Само собой разумеется, что потом я возвращал церцерис ее первую добычу и отнимал моего клеона. Его я на досуге старательно рассматривал. Это исследование только подкрепило мое мнение о таланте осы-бандита. В точке укола невозможно заметить ни малейшей ранки. Но что особенно удивительно – это быстрота, с которой уколотый жук теряет способность к движениям. Тотчас же после укола я напрасно искал у парализованных на моих глазах долгоносиков следов раздражимости. Уколы, щипание жука ничего не давали. Нужны были иные, уже описанные мною средства, чтобы вызвать движения усиков пли лапок. Жуки-клеоны – выносливые жуки. Наколотые живыми, они не днями, а неделями – да что я говорю: даже месяцами! – шевелят усиками и ногами. И они же в одно мгновение становятся неподвижными под влиянием укола церцерис, которая впускает им капельку яда.
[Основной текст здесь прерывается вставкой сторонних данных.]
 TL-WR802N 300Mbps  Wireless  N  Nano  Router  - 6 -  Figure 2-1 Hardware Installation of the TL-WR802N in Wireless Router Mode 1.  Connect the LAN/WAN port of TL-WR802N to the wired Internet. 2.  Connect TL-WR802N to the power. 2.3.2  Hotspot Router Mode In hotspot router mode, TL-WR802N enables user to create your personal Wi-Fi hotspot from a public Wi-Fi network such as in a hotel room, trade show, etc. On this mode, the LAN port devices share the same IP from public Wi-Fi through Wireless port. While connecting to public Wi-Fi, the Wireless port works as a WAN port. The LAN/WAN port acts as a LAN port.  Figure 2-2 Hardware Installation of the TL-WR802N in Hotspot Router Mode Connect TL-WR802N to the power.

Что же такое находится в той точке, куда колет оса? Не следует ли обратиться к анатомии и физиологии для объяснения причины столь быстрого и столь полного обмирания?
«Ученый бандит»
Бугорчатая церцерис только что открыла нам часть своего секрета: указала точку, в которую колет ее жало. Решен ли этим вопрос? Нет, далеко нет.
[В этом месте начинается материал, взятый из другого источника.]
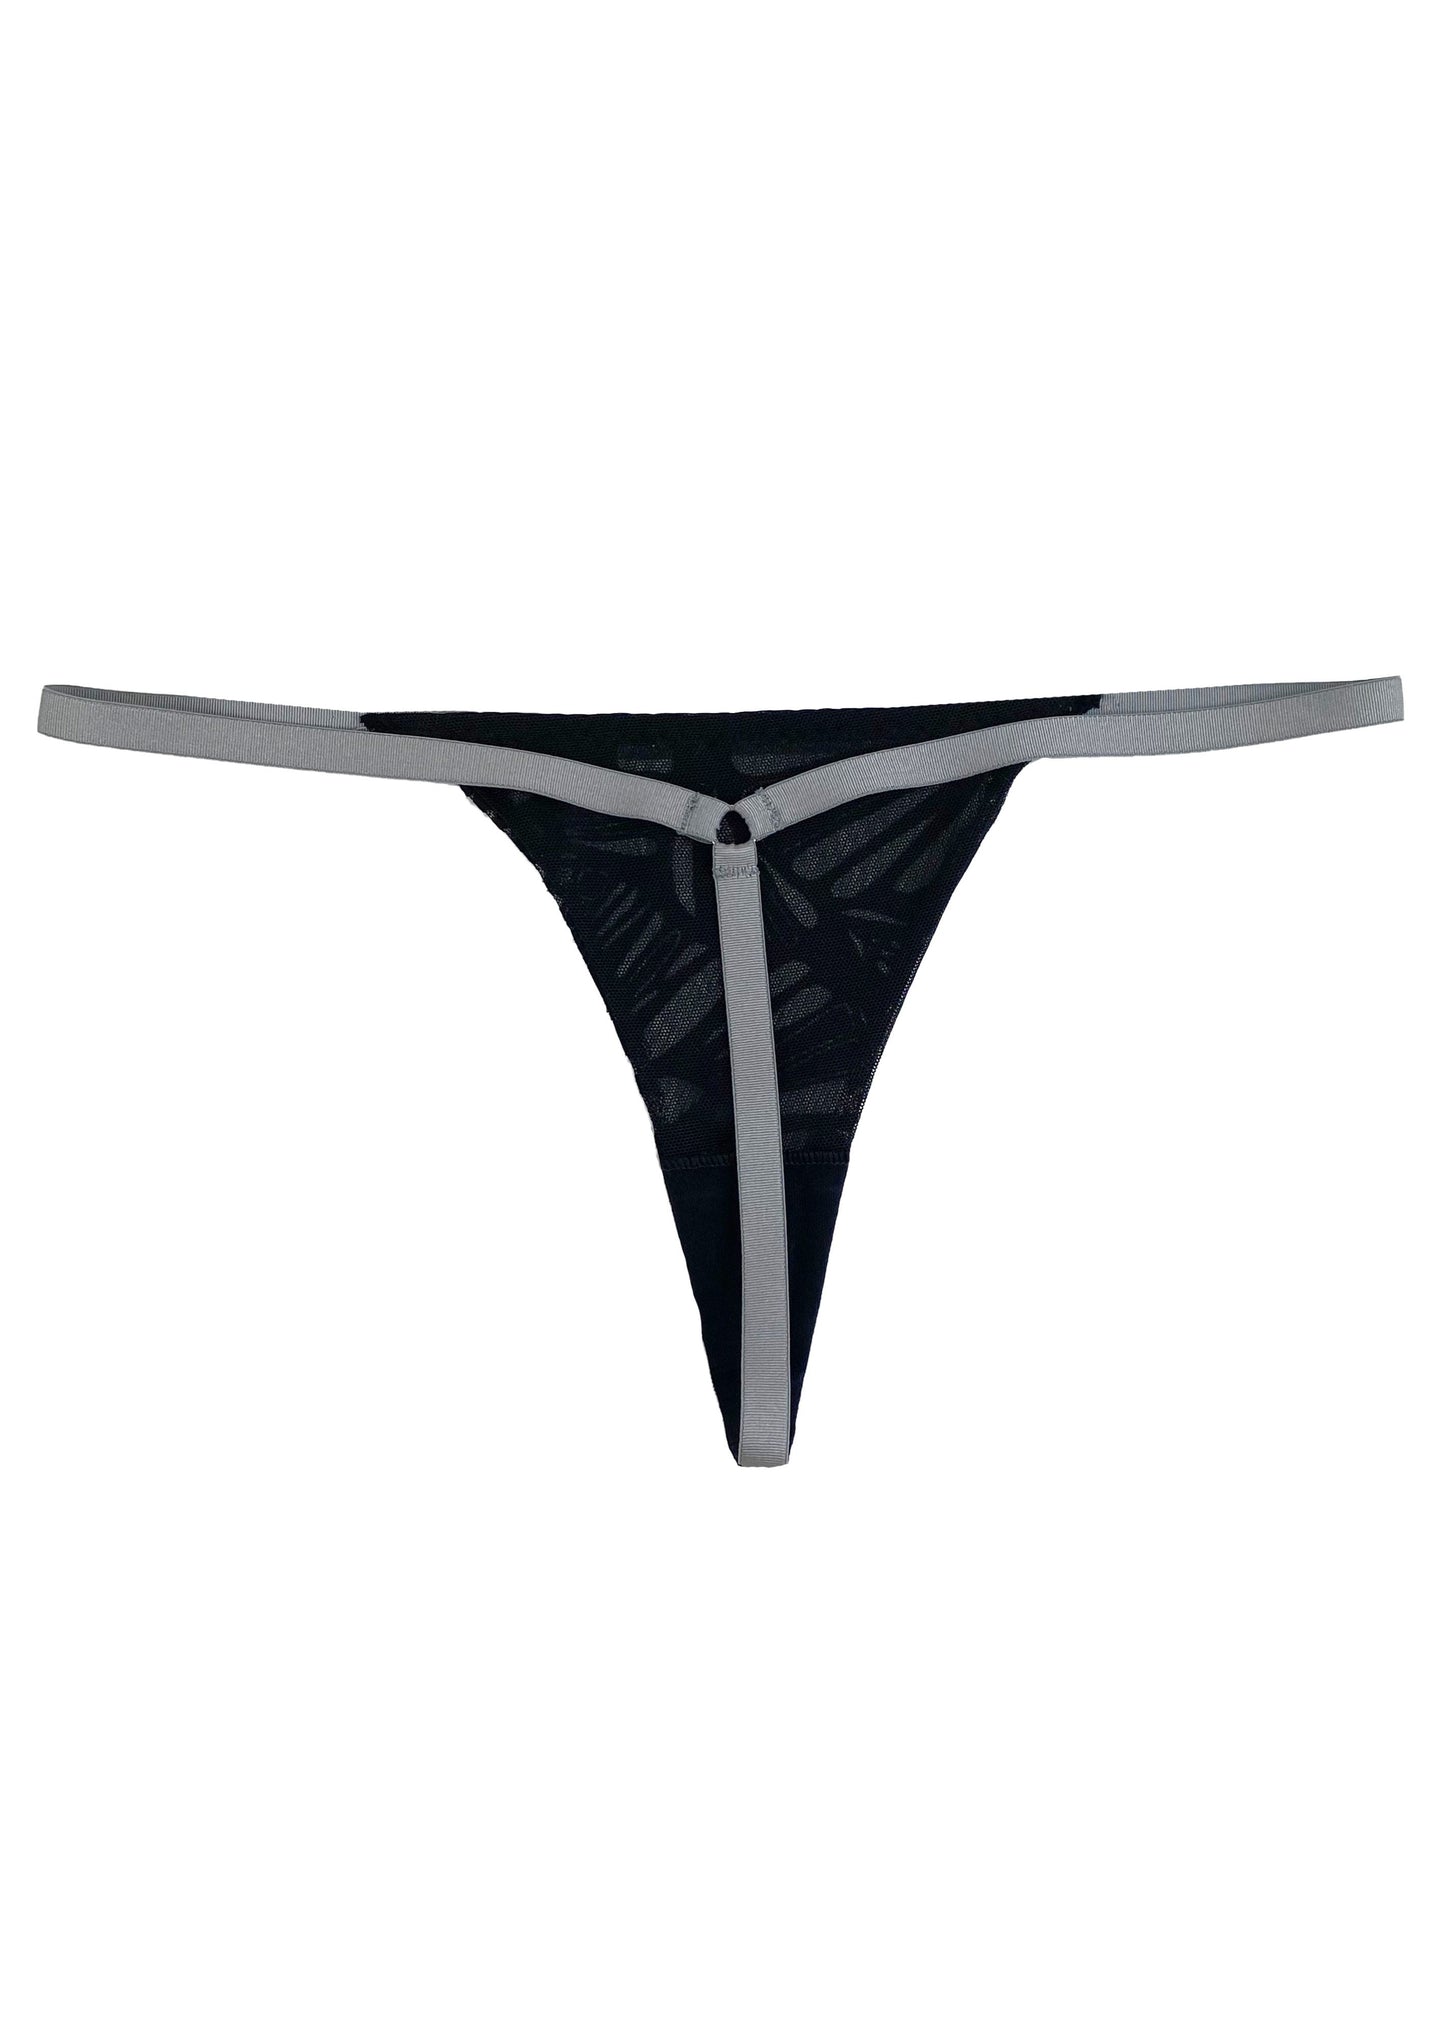 black thong from the back with gray background on white back drop

Вернемся назад. Забудем на минуту то, чему нас научила оса и зададим себе ее задачу. А задача эта такова: нужно спрятать в земляной норке некоторое количество жуков, достаточное для прокормления личинки, которая вылупится из яйца, отложенного на запас этой провизии. Личинка очень требовательна: ей нужна совершенно неповрежденная дичь, со всем изяществом форм и яркостью окраски. Не должно быть ни сломанных ножек, ни ран, ни выпотрошенного брюшка. У добычи должна быть свежесть живого насекомого, у нее должна быть цела даже та нежная цветная пыльца, которую стираешь, едва дотронувшись до нее пальцем. Как трудно было нам получить такой результат, убивая насекомое! Легко убить насекомое, раздавив его ногой, но убить «чисто», без малейших повреждений и следов насилия, – такая операция удастся далеко не всякому. В каком затруднении очутились бы мы, если бы нам предложили убить мгновенно, не оставляя следов раны, животное, столь живучее, что оно шевелится даже с оторванной головой. А церцерис проделывает это просто и быстро, даже при грубом предположении, что ее добыча становится обычным трупом.